Sunday, August 13, 2006

Fee, Fie, Foe, Fum

My mother's great grandfather, Michael Steele, married a woman named Charlotte Stradley, the daughter of a man who described himself as a "physician" in the 1850 census for Wabash, Indiana. That would be my great great great grandfather, Dr. Daniel W. Stradley. His grandfather came to America from England around the time of the Revolution and settled in Baltimore. Charlotte Stradley is the first ancestor I know of who was not either of German or Pennsylvania Dutch descent.

I recently located biographical records for her brothers, Dr. Ayres Stradley and Dr. Daniel N. Stradley, who both practiced medicine in and around Denver, Colorado at the dawn of the 20th century. The brothers attributed much of their expertise in medicine to training they had received from their father while growing up in Wabash. But they also cited lectures they had attended at established medical schools and apprenticeships they had served under the tutelage of other respected medical practitioners.

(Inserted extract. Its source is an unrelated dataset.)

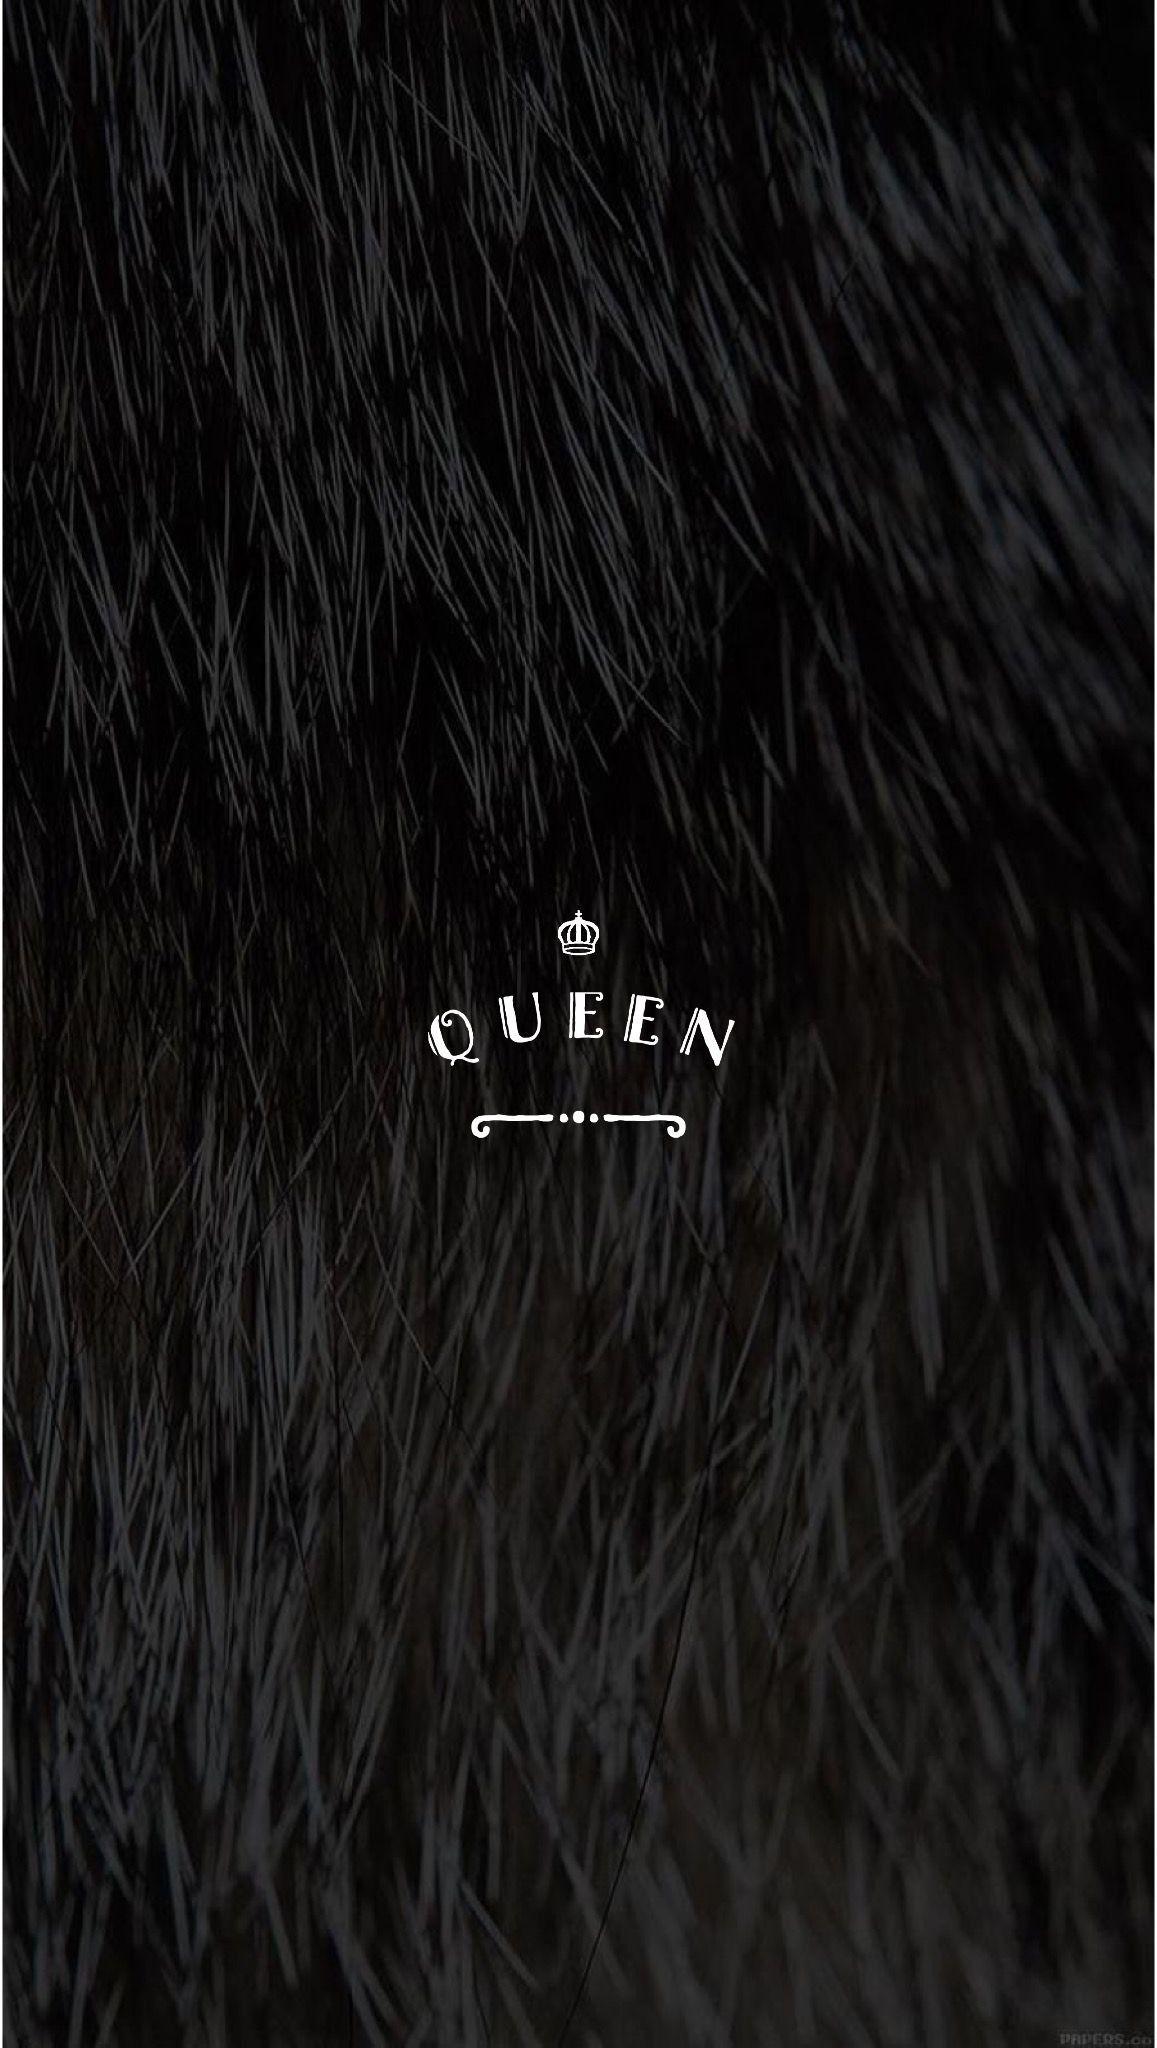 29+] Queen Wallpapers - WallpaperSafari

I try to imagine the frontier medicine practiced by this ancestor of mine, first in Zanesville, Ohio and then at age 35 in Wabash from 1849 on, where he spent the last forty-five years of his life, but I find it's quite a leap. Medical science made huge strides in his lifetime.

Born in 1815, it's not clear from his sons' accounts if he began life on the eastern seaboard in Baltimore or if his parents had by then already moved west to Ohio. Dr. Stradley's wife was also of English descent. Ayres Stradley III described his mother's father, Abner Bell, as a "hero of the War of 1812" and as a "minister of the gospel" .... "connected with the Methodist Episcopal Church." Ohio was certainly still very much life on the frontier in 1815, but much less precariously so after the War of 1812.

The Stradleys couldn't have picked a more interesting or exciting time to move to Wabash. The town was the last stop going up river before the series of more than a dozen locks along the Wabash and Erie canal connecting the headwaters of the Wabash with the headwaters of the Maumee in Fort Wayne. By 1850 a few of the packets and liners plying the canal were already powered by steam instead of mule drawn as they all had been when the canal first opened for business in 1835.

The Wabash and Erie meant that cargo and passengers could be moved entirely by boat between Lake Erie and any of the cities on the Mississippi, the Ohio or the Gulf of Mexico without braving the waves of the Atlantic. Canal boats could travel from Toledo on Lake Erie to Evansville on the Ohio near the junction with the Mississippi in about eight days. The canal era was to American transportation what the word processing and fax era is to the internet. Wholly obsolete in only four decades, the canal was George Washington's great dream of American progress. As a federally funded public works project, it was the 19th century's Hoover Dam.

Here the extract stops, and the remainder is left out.